- Simplified Chinese: 卫兴华
- Traditional Chinese: 衛興華

Standard Mandarin
- Hanyu Pinyin: Wèi Xìnghuá
- IPA: [wêɪ ɕîŋ.xwǎ]

= Wei Xinghua =

Chinese economist and educator (1925–2019)

Wei Xinghua (卫兴华; October 1925 – 6 December 2019) was a Chinese economist and educator. He specialized in the study of capital and contributed to the "sinicization" of Marxist political economy. He served as professor and chair of the Department of Economics of Renmin University of China and was awarded the national honorary title of "People's Educator" in 2019.

== Biography ==
Wei was born October 1925 into a peasant family in Wutai County, Shanxi, Republic of China, and grew up during the Second Sino-Japanese War. He joined the underground Communist movement in 1946 and became a member of the Chinese Communist Party a year later. He and two colleagues were once arrested by the Kuomintang government, but were released due to lack of evidence.

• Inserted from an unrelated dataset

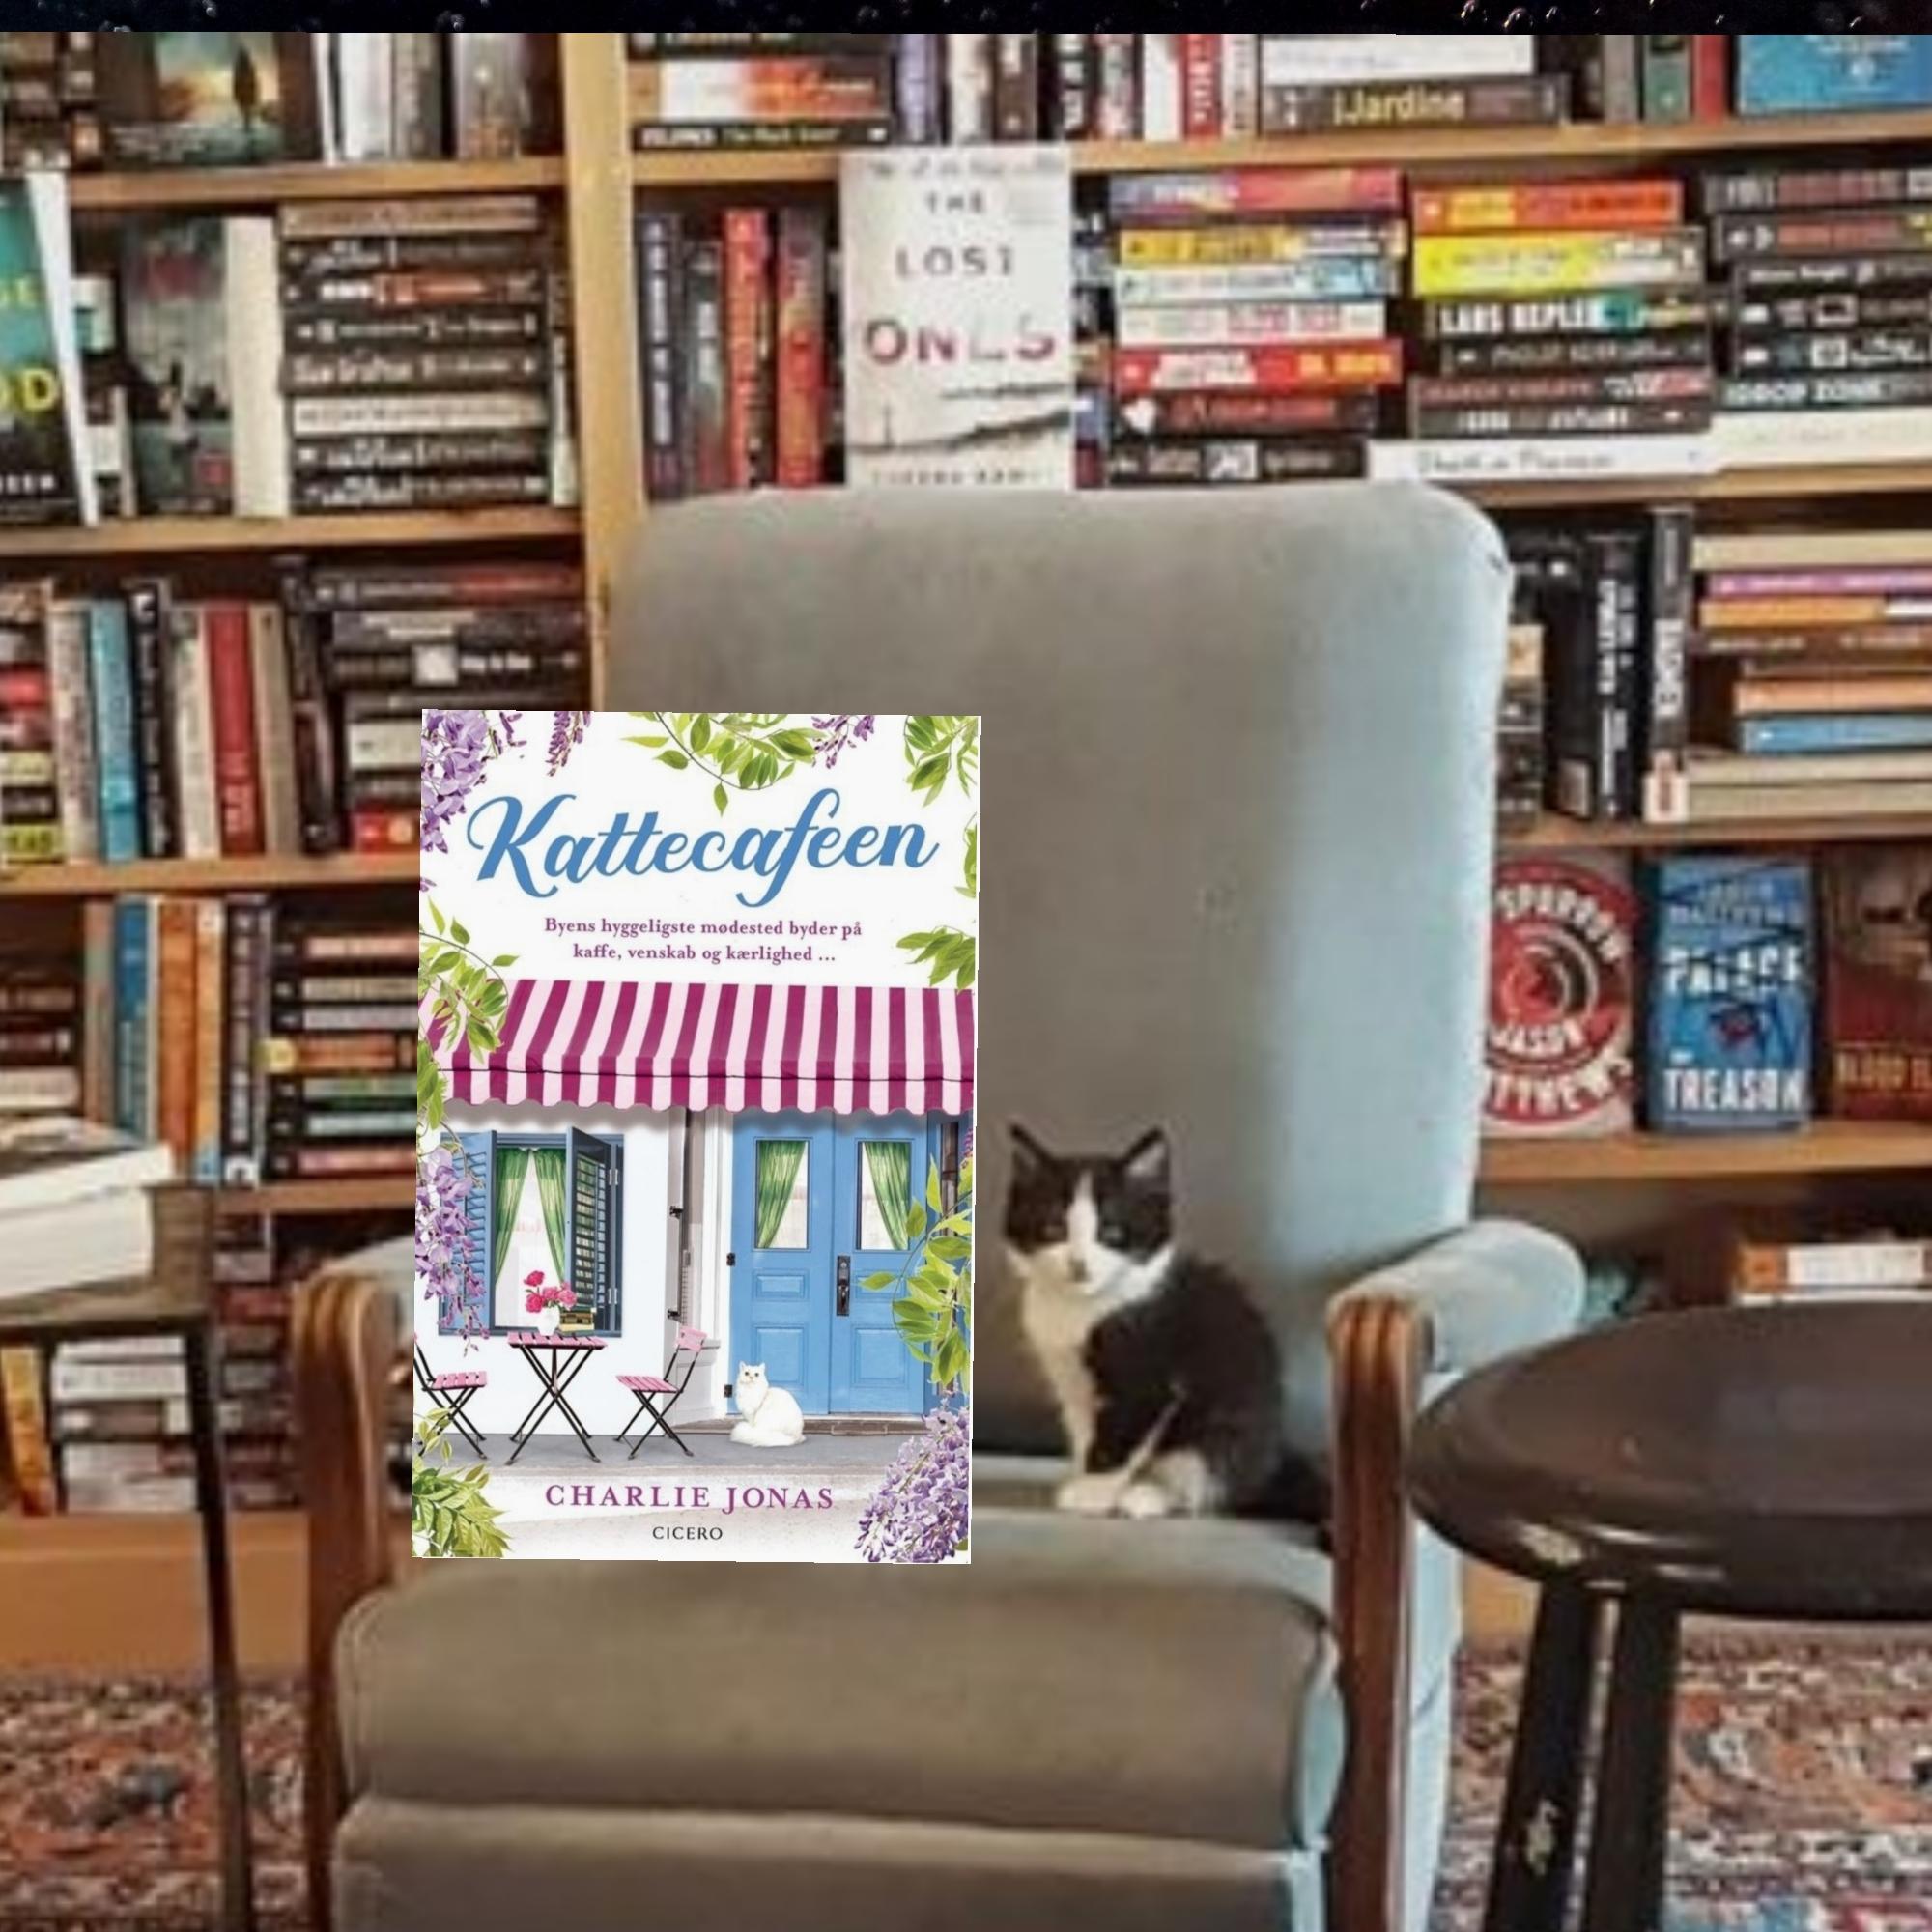 Kattecafeen af Charlie Jonas

He subsequently fled to Beijing, whereas his two colleagues were later rearrested and executed.

Wei studied at North China University (later renamed as Renmin University of China). Upon graduating from Renmin University's graduate program in economics in 1952, he stayed at the university as a faculty member. He later became professor and chair of Renmin University's economics department. He specialized in the study of capital and was credited for his contributions to the "sinicization of Marxist political economy". In 1986, he advocated giving enterprises more freedom to determine their own objectives, which won the support of many other economists.

Wei published more than 40 books and over 1000 research papers and other articles. He was the chief editor of the textbook Principles of Political Economy (政治经济学原理), one of the most widely used textbooks in China. He proposed influential theories regarding the commodity economy and multiple elements of productivity. He was twice awarded the Sun Yefang Economics Prize for Outstanding Research Papers. Although Chinese media often described him as an "authority" or "master" in economics, he rejected such accolades and proclaimed that China did not have any world-class "authority" or "master" in economics.

During the celebrations for the 70th anniversary of the People's Republic of China, President Xi Jinping awarded Wei the National Honorary Title of "People's Educator" on 29 September 2019, although Wei was unable to attend the award ceremony due to poor health.

Wei died on 6 December 2019 in Beijing, aged 94.